▸ EXCERPTED RECORDS:
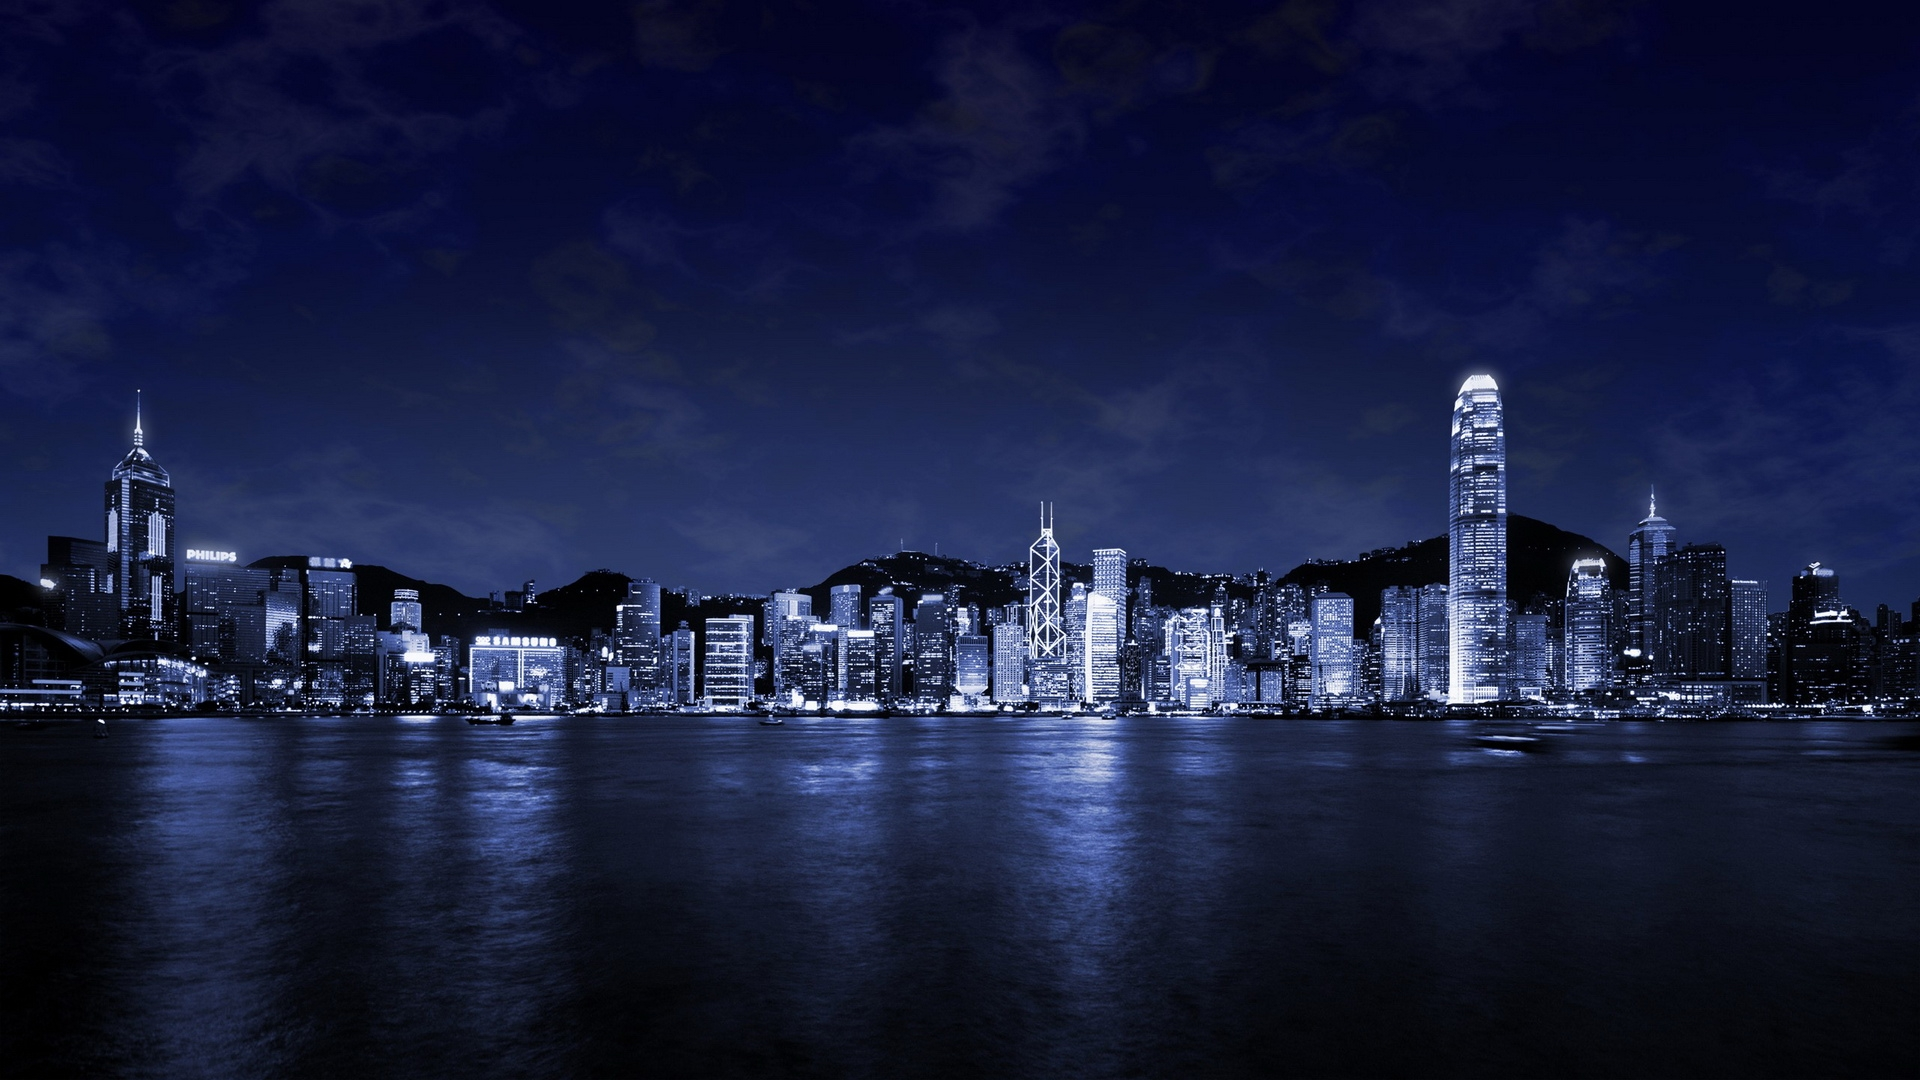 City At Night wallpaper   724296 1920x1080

---

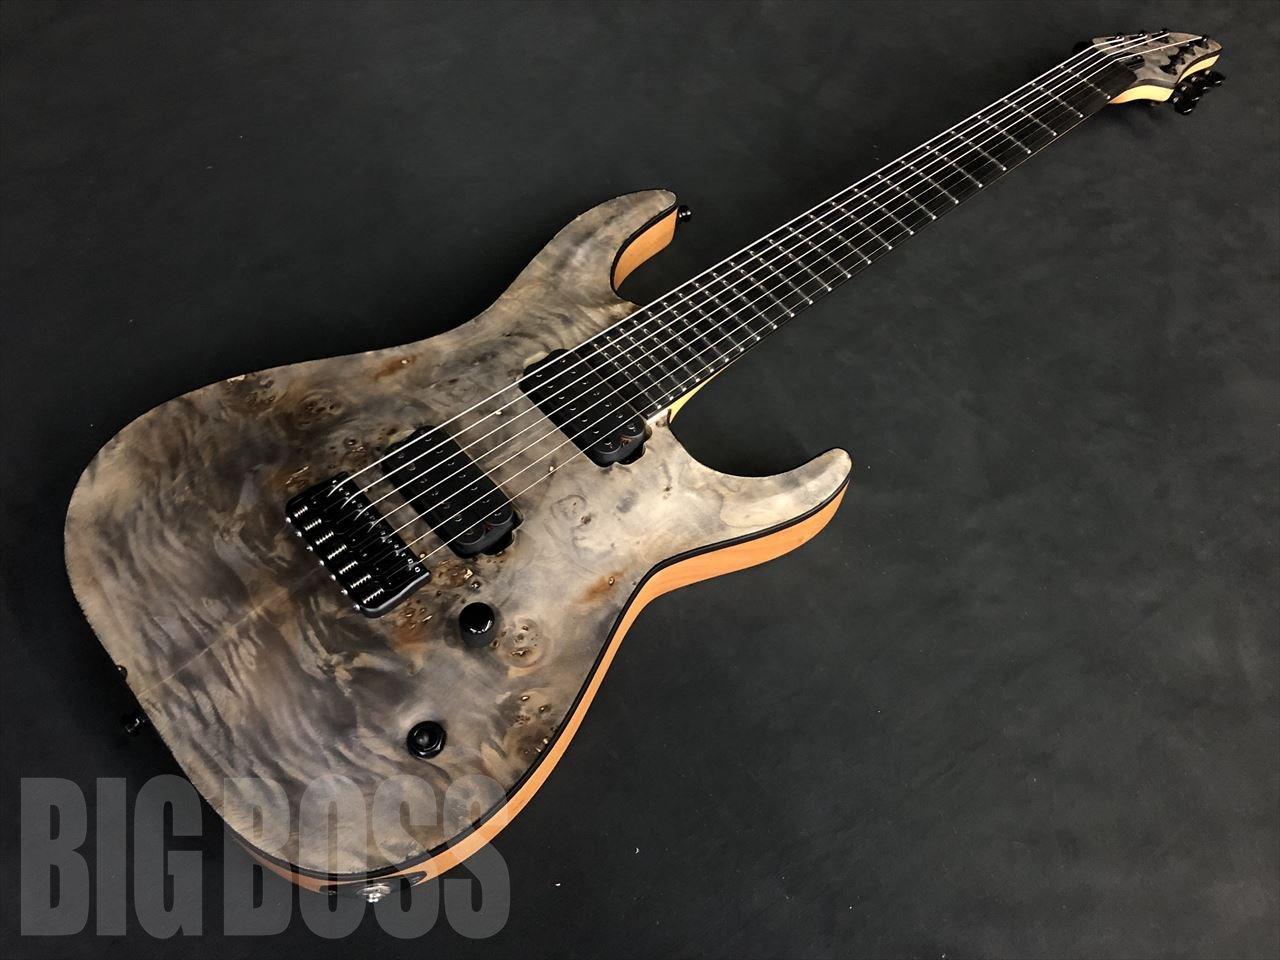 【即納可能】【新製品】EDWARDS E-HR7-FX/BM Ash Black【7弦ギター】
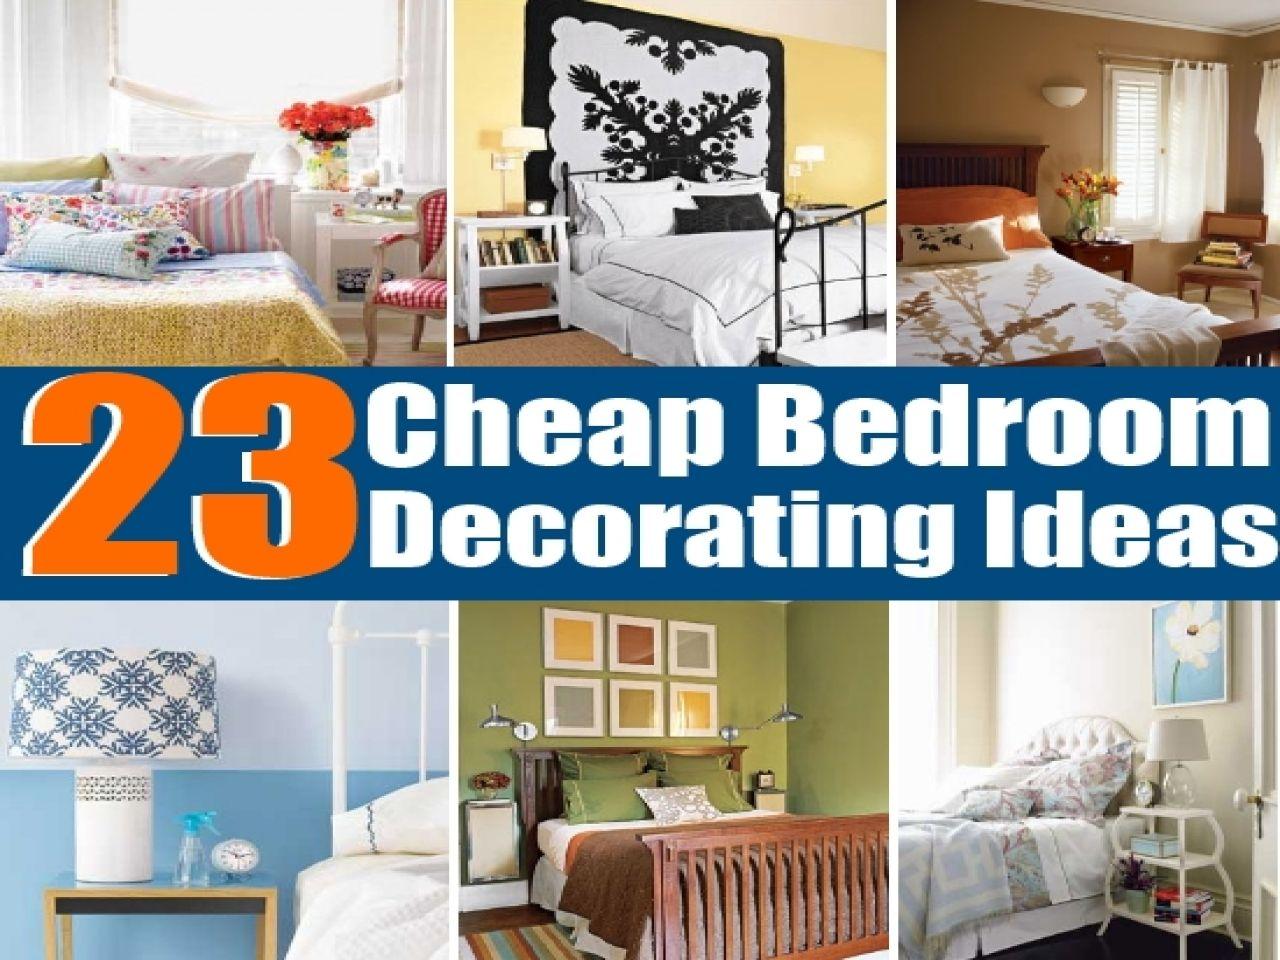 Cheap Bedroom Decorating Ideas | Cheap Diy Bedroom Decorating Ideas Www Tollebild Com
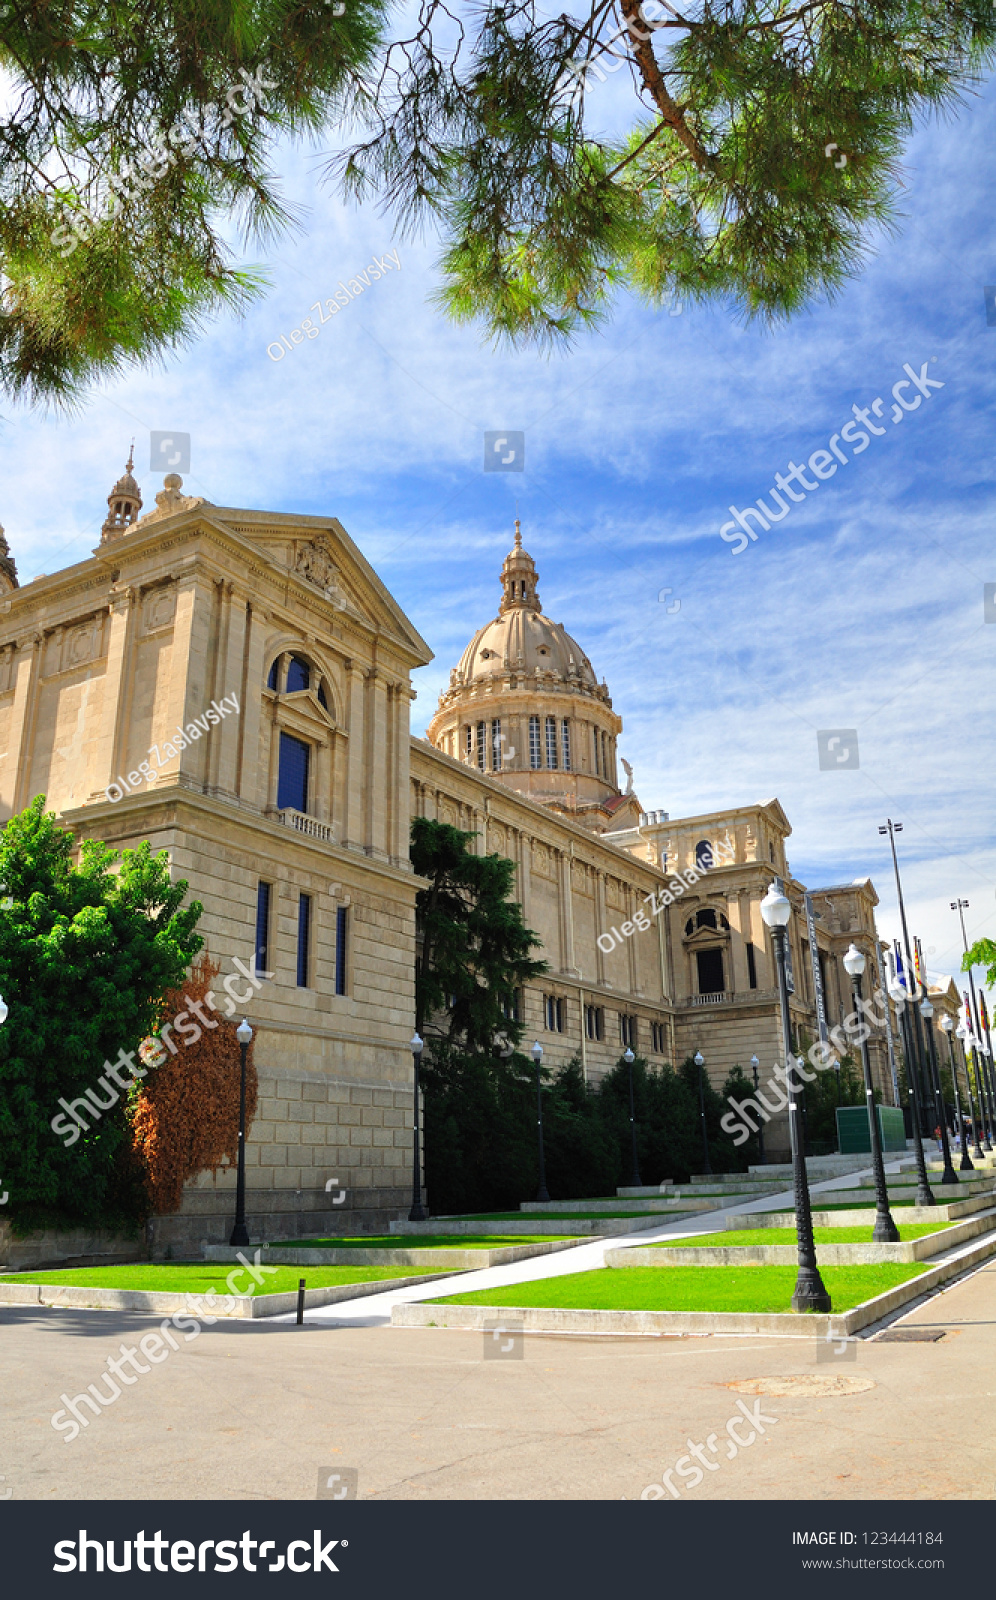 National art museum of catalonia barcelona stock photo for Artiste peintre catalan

▸ WHAT IS EXPECTED: Using the entries above, transcribe exactly from the line that has "Cheap Bedroom Decorating" through the line that has "National art museum". Pictures are dropped.

▸ EXERCISE RESPONSE:
 Cheap Bedroom Decorating Ideas | Cheap Diy Bedroom Decorating Ideas Www Tollebild Com
 National art museum of catalonia barcelona stock photo for Artiste peintre catalan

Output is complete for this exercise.